### RECORDS FOR PROCESSING
Start of Block

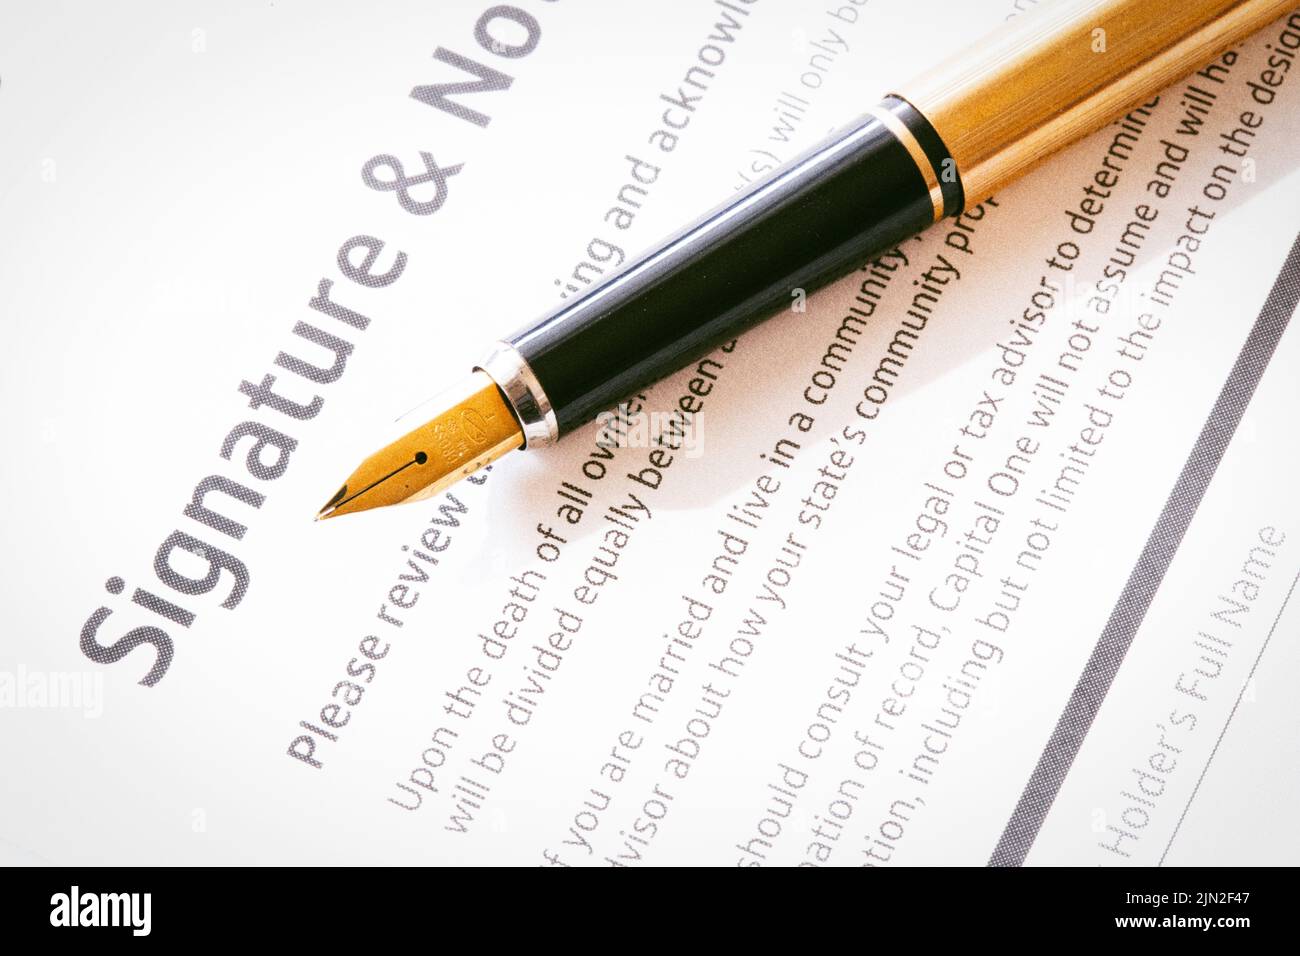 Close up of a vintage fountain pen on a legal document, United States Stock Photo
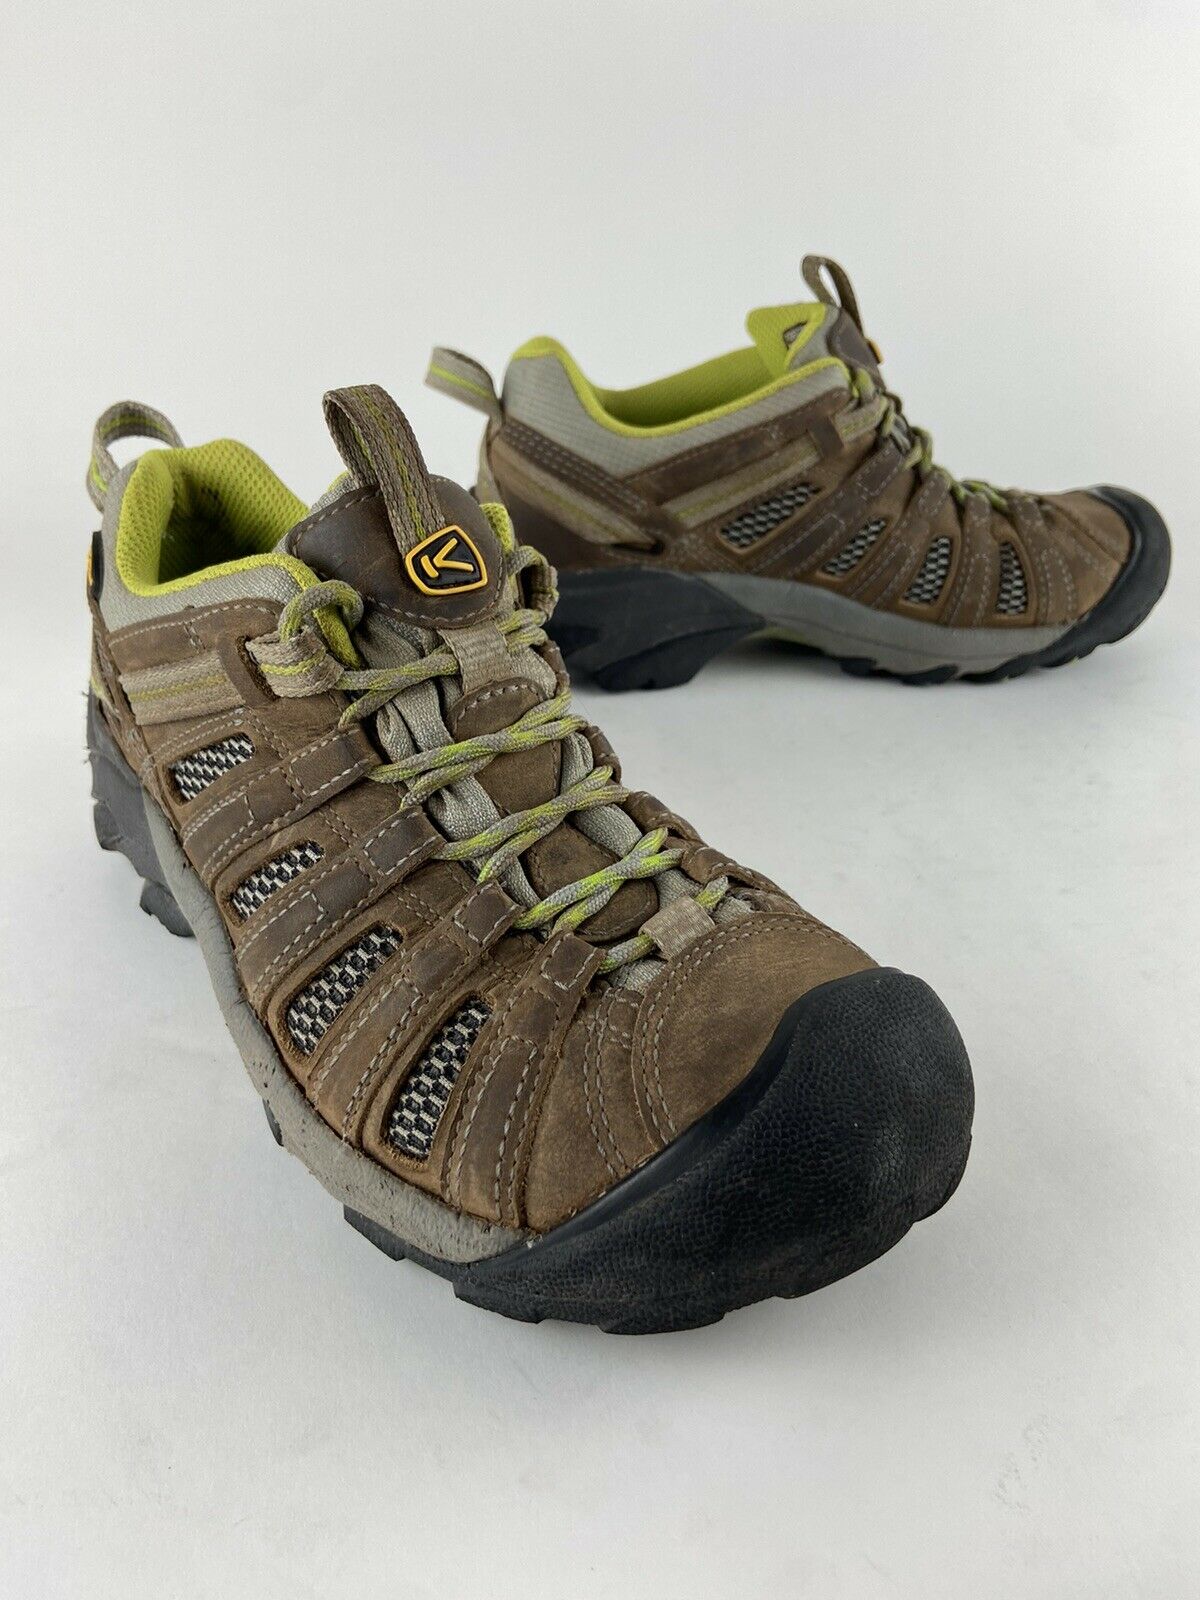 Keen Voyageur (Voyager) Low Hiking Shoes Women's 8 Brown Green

End of Block
Start of Block

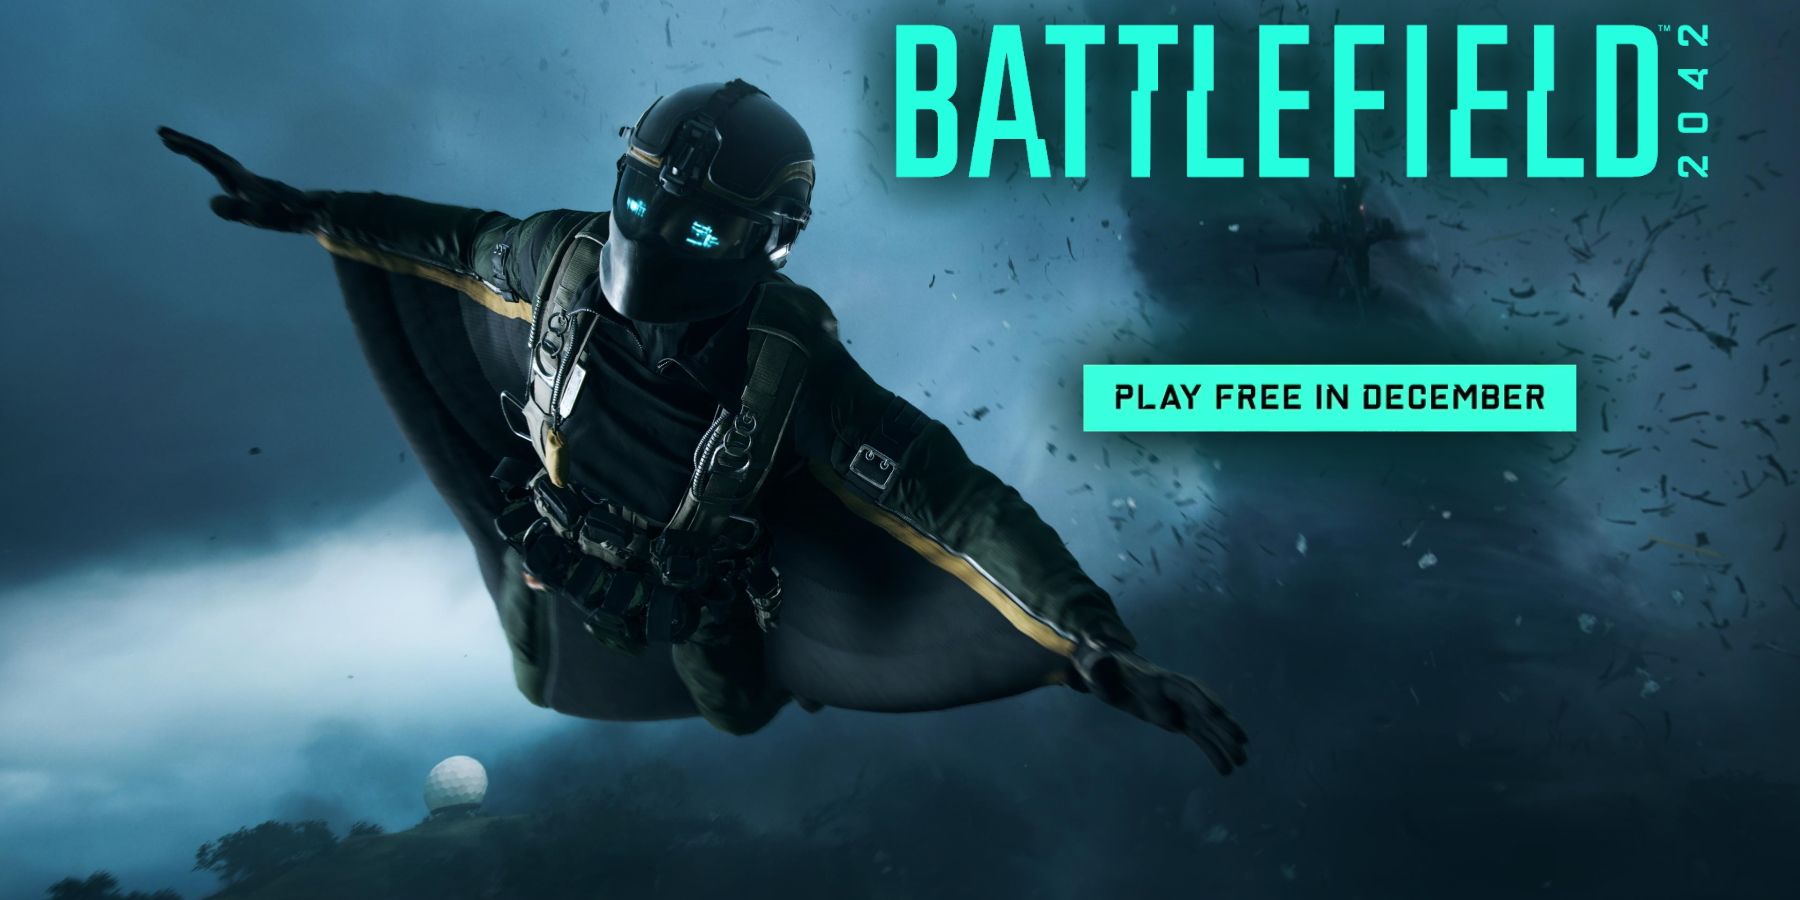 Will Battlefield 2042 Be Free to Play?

End of Block

### YOUR ASSIGNMENT
Reproduce the entries exactly, from the line with "Close up of" to the line with "Keen Voyageur (Voyager)", both lines included, keeping no pictures.

### PROBLEM SOLUTION
 Close up of a vintage fountain pen on a legal document, United States Stock Photo
 Keen Voyageur (Voyager) Low Hiking Shoes Women's 8 Brown Green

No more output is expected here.